Directions for this task: Excluding pictures, what does the listing below contain from the line with "North American continent" up to and including the line with "GeForce® RTX 2070", word for word?

Data supplied:
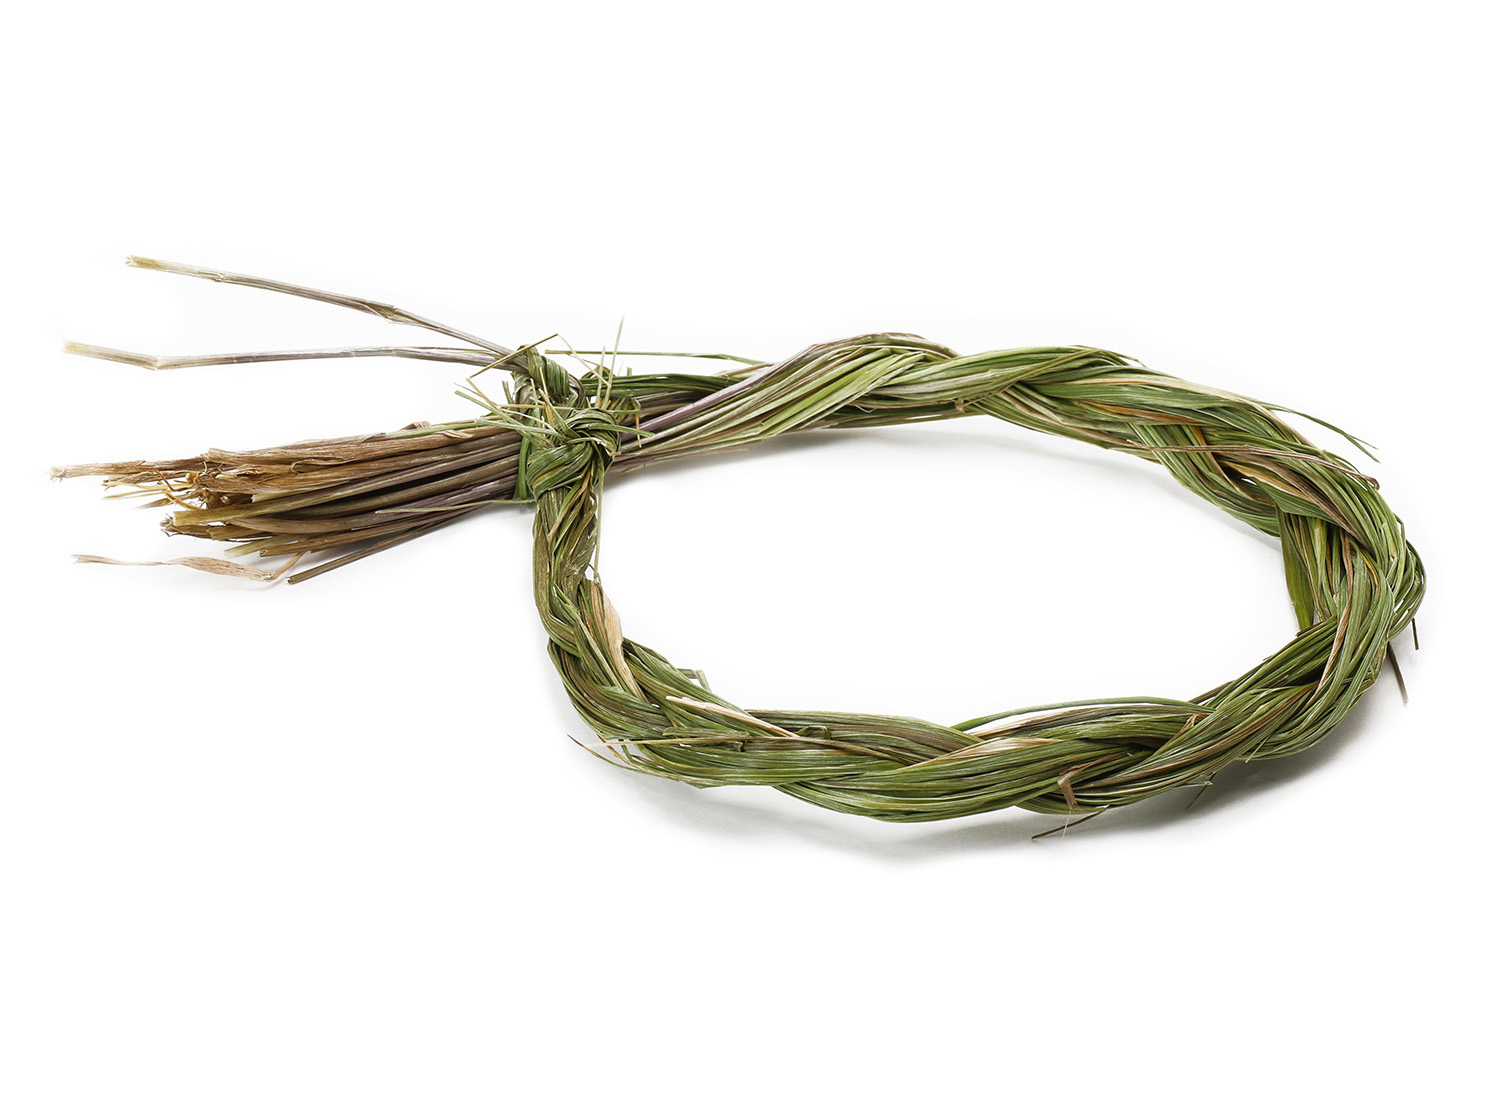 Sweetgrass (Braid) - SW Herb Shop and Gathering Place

--

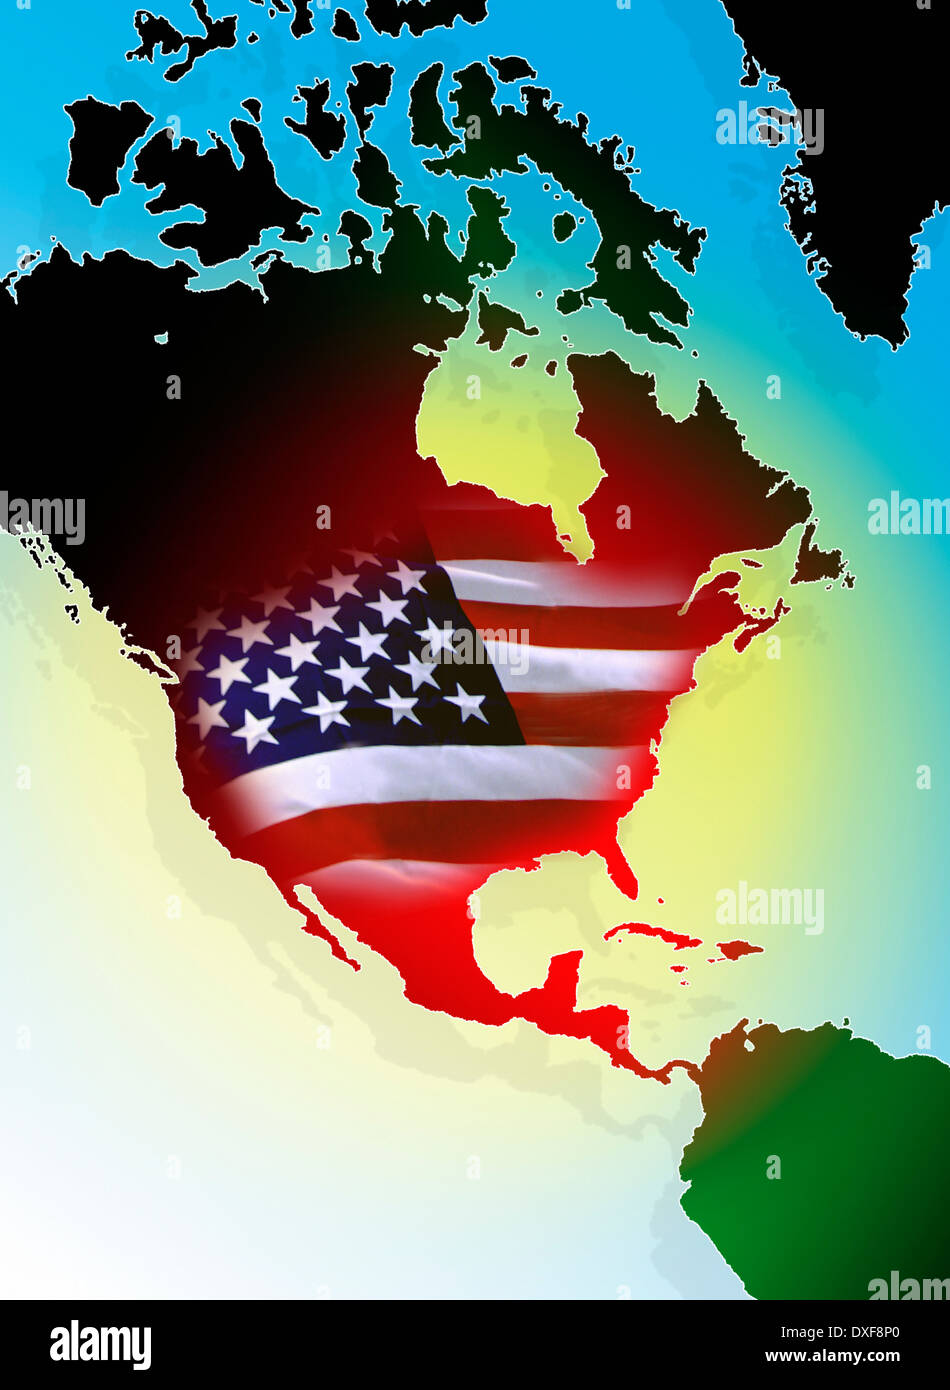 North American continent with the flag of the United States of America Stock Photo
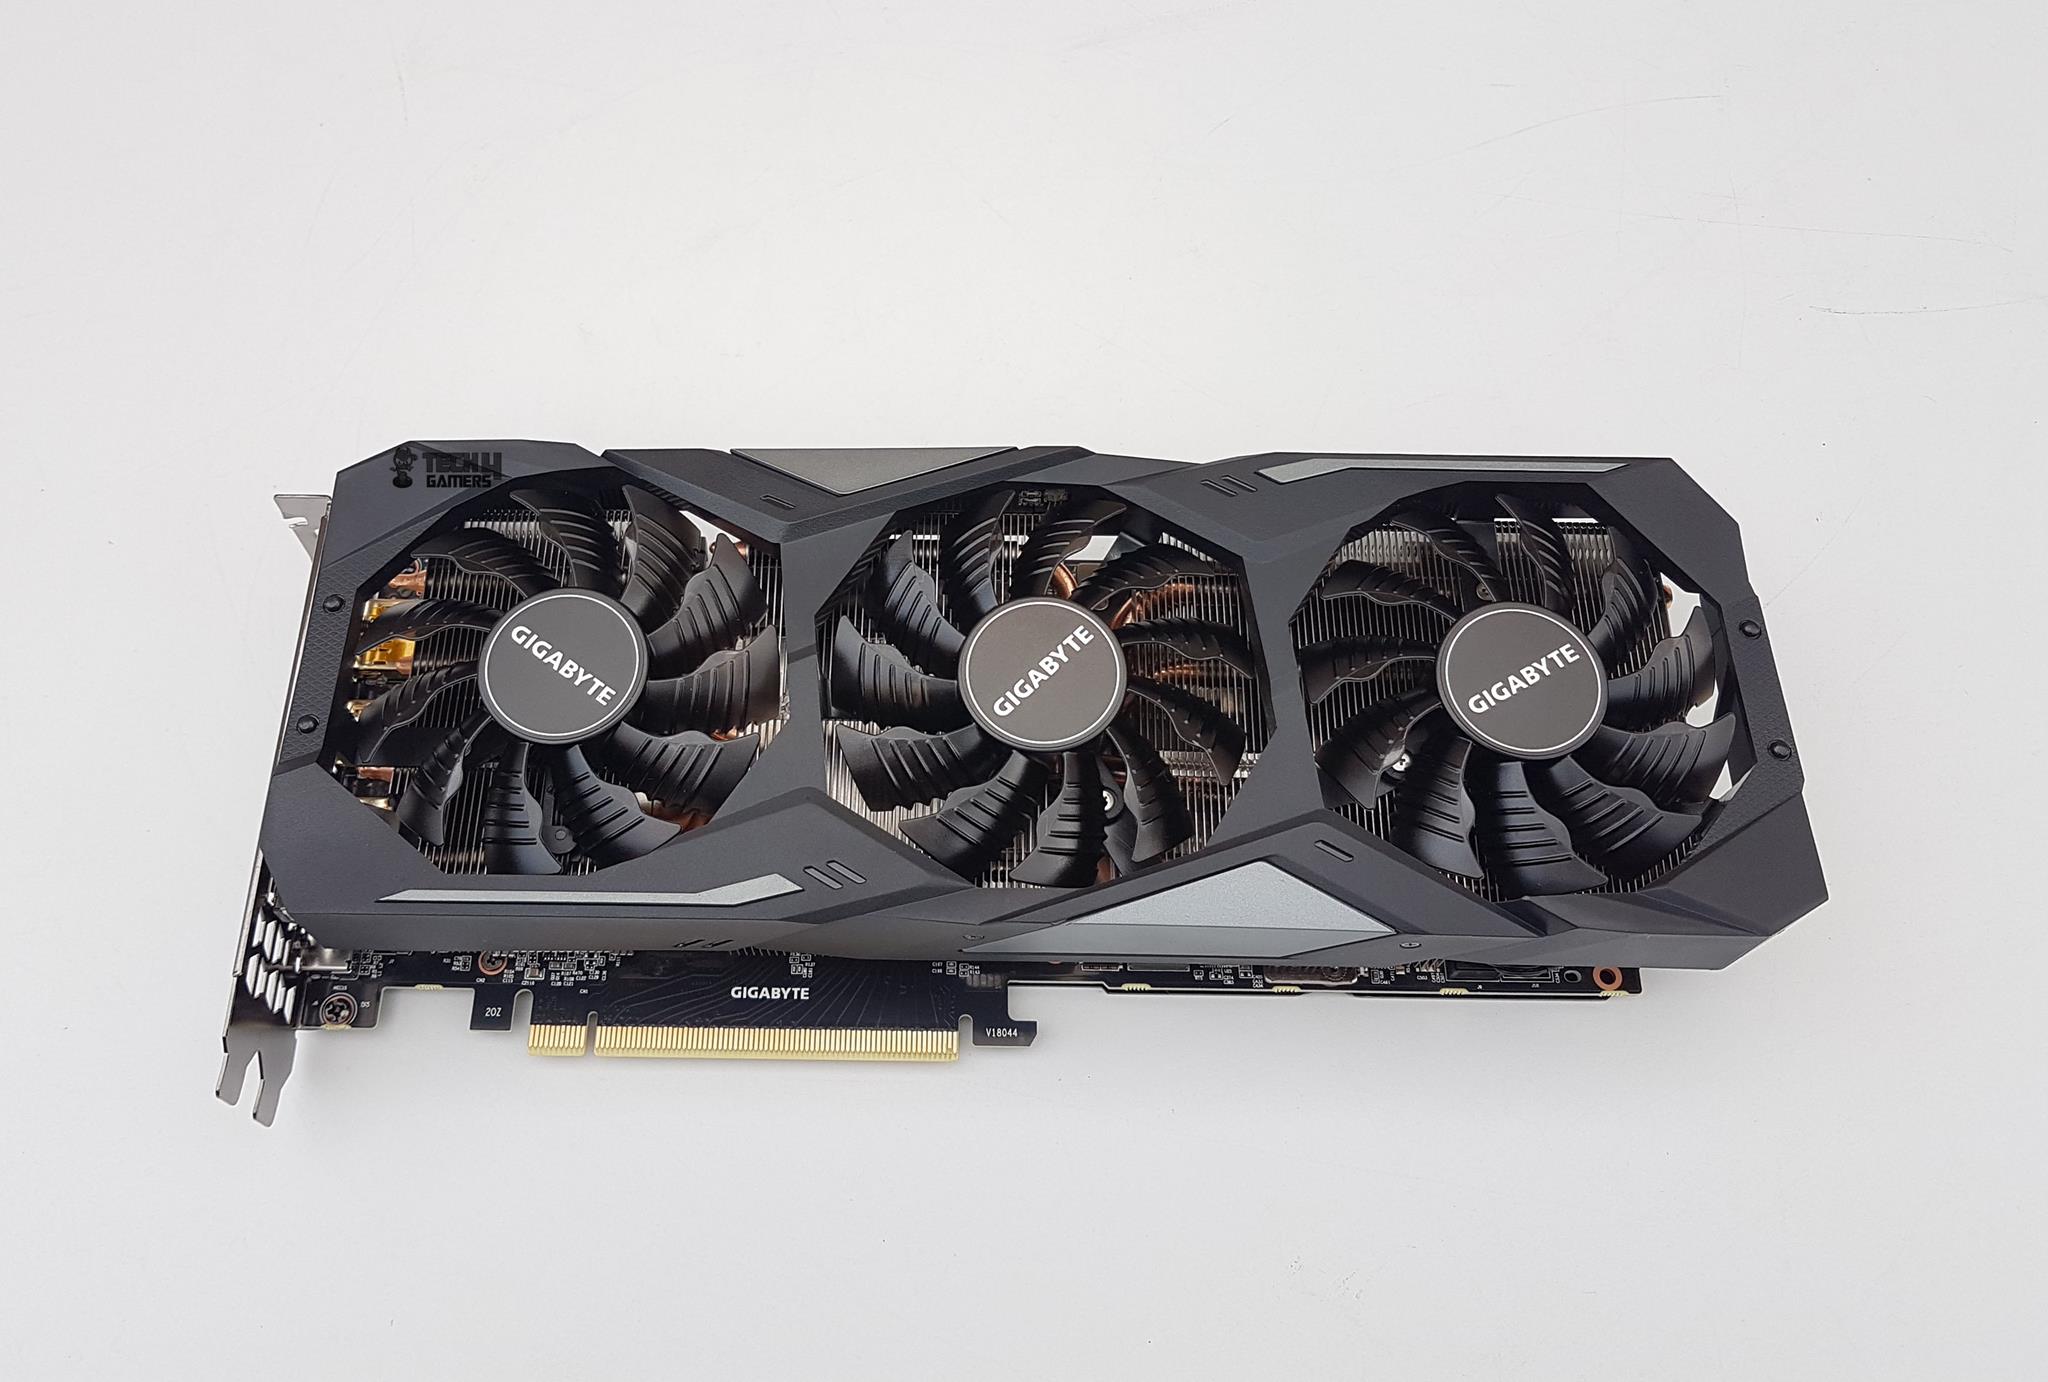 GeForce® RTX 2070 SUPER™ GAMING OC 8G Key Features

Exercise result:
 North American continent with the flag of the United States of America Stock Photo
 GeForce® RTX 2070 SUPER™ GAMING OC 8G Key Features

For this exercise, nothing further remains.